Under healthcare reform, these companies will be subject to
penalties for employees who receive assistance from the
government in the form of individual subsidies to purchase
insurance through an exchange.
- Create Health
Reimbursement Arrangements (HRAs) that exist to
reimburse a portion of the cost of individual coverage, and
force their employees to fend for themselves in the
individual market. These plans currently on a gray
area in the current law and seemingly ignore clear
provisions and requirements of HIPAA, ERISA, and
COBRA. Moreover, like any defined contribution
structured program, these programs leave a certain
percentage of employees to shop without enough money in
their wallet. Again, under healthcare reform, these
companies will be subject to penalties under the conditions
stated above.
- Carve out employees from
the benefit program, offering benefits to only a
core group of employees, leaving the remaining to rely on
the above-mentioned pre-healthcare reform options for open
market healthcare coverage. The passage of healthcare
reform will soon require all non-grandfathered companies
(self-funded and fully insured) to comply with the Section
105(h) discrimination regulations, which will limit the
ability to carve out employees.
The passage of healthcare reform
with its employer “play or pay” mandates, may very well
transform the above referenced programs or cause these
companies to re-think their healthcare benefits strategy since
the reform law’s penalties will no longer allow companies to
completely avoid these types of healthcare costs. We may
even see an increase in part-time employment positions as
employers attempt to avoid reform penalties. But what of
the other benefit plans, the majority of which are traditional
employer-sponsored programs?
There is a school of thought that
such benefits will continue to be used as a differentiator in
the employment marketplace. Yes, healthcare reform may
have unintended consequences, and some large corporations are
considering dumping their healthcare
plans.
However, if one takes a closer look, the options of limiting
or capping company expenses around healthcare have always
existed, but are not overwhelmingly used.

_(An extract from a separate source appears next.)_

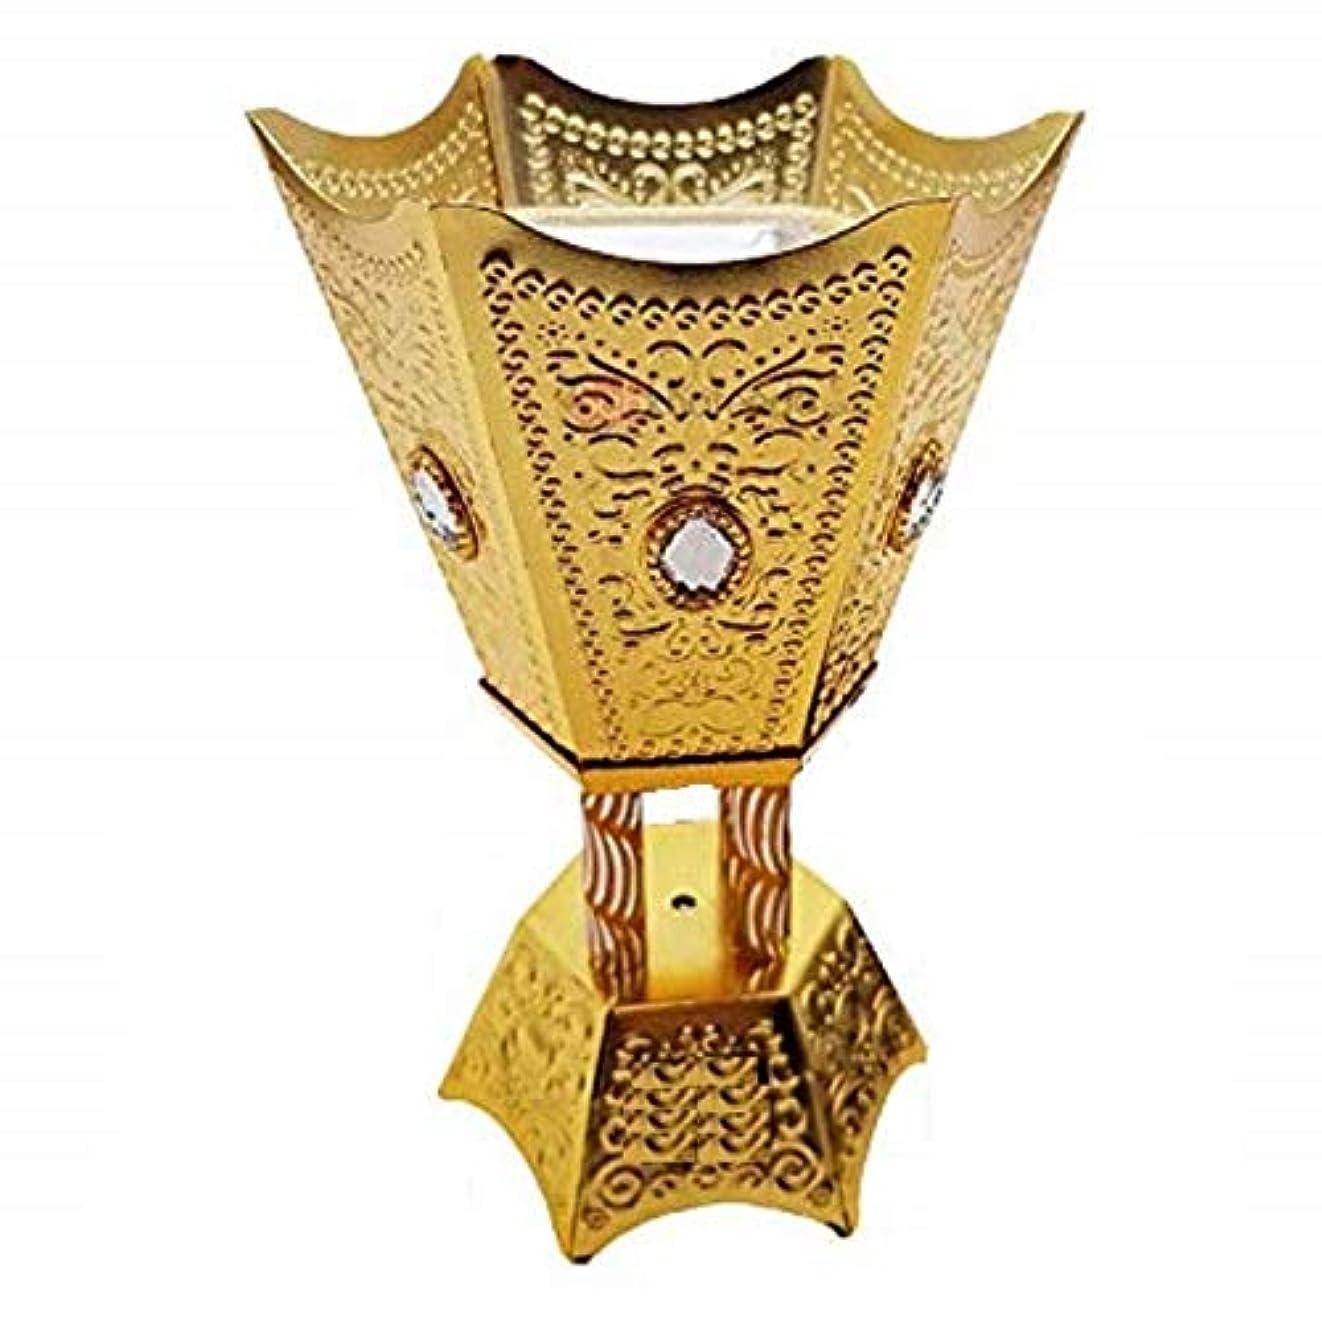 前任者傾向履歴書OMG-Deal Incense Burner Charcoal Bakhoor Frankincense Resin – Luxury Hand Painted Burner - WF -001 Golden

Companies are still competing with each other to recruit and
retain qualified people; and while that competition exists,
differentiators in occupation-based benefits will be important
to corporate survival.
While it seems difficult to imagine
at this point in time, all employers will become accustomed to
the new regulations, mandated notices, new taxes, voucher
management process etc. But the employers who navigate
healthcare reform effectively will emerge with plans that
benchmark where they need to in order to remain competitive,
manage expenses in innovative ways, and do so with the
confidence that options do exist should the plan ever become
cost-prohibitive.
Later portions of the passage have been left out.